#### PROBLEM REQUIREMENTS
Return all lines from the listing below that include the word "Stock".

#### PROVIDED MATERIAL
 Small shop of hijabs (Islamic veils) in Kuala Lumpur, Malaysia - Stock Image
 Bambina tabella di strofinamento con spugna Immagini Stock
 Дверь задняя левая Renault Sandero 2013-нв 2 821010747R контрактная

* * *

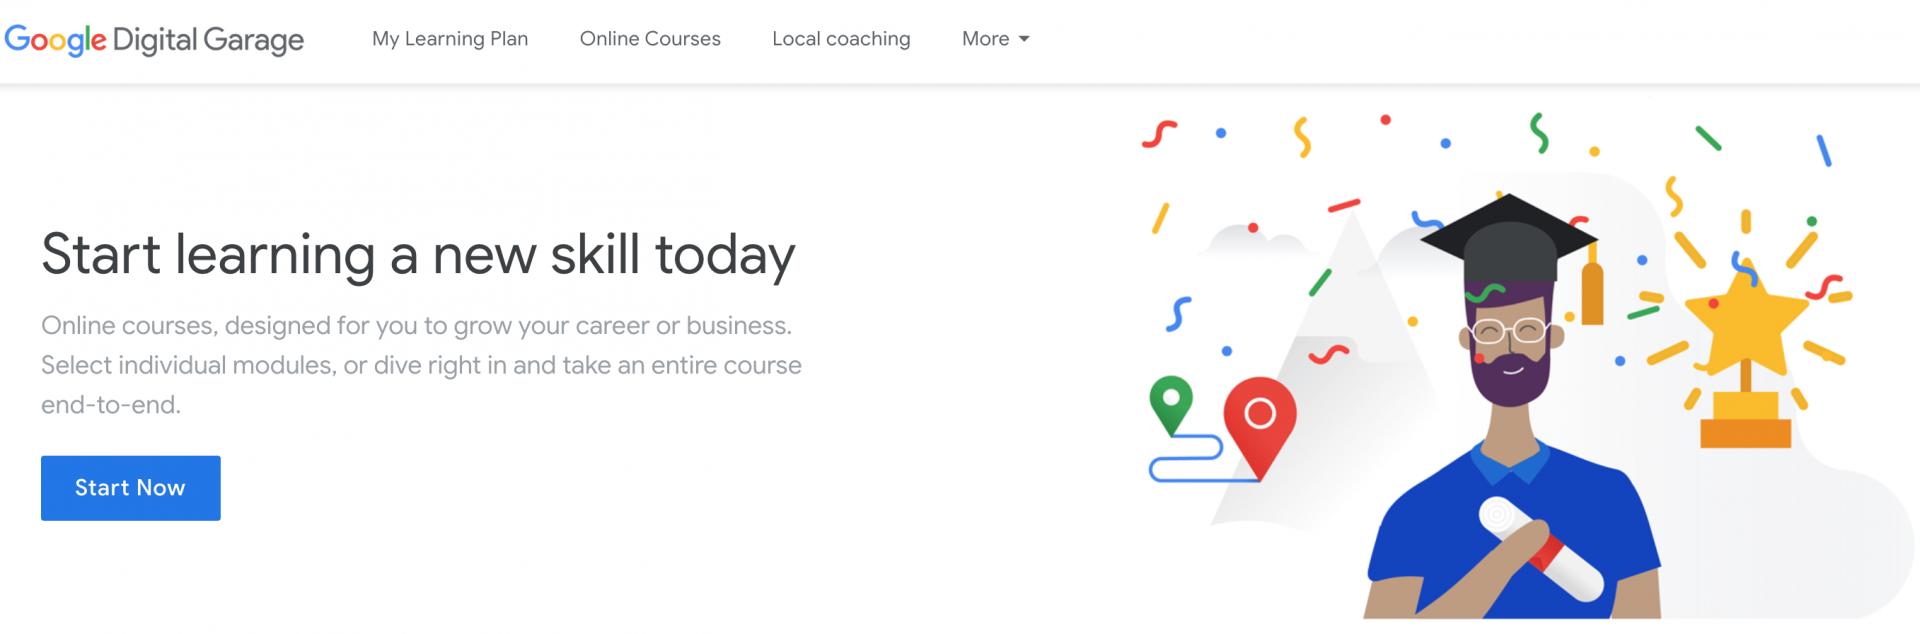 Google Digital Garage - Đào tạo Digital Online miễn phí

#### ANSWER FOR THE TASK
 Small shop of hijabs (Islamic veils) in Kuala Lumpur, Malaysia - Stock Image
 Bambina tabella di strofinamento con spugna Immagini Stock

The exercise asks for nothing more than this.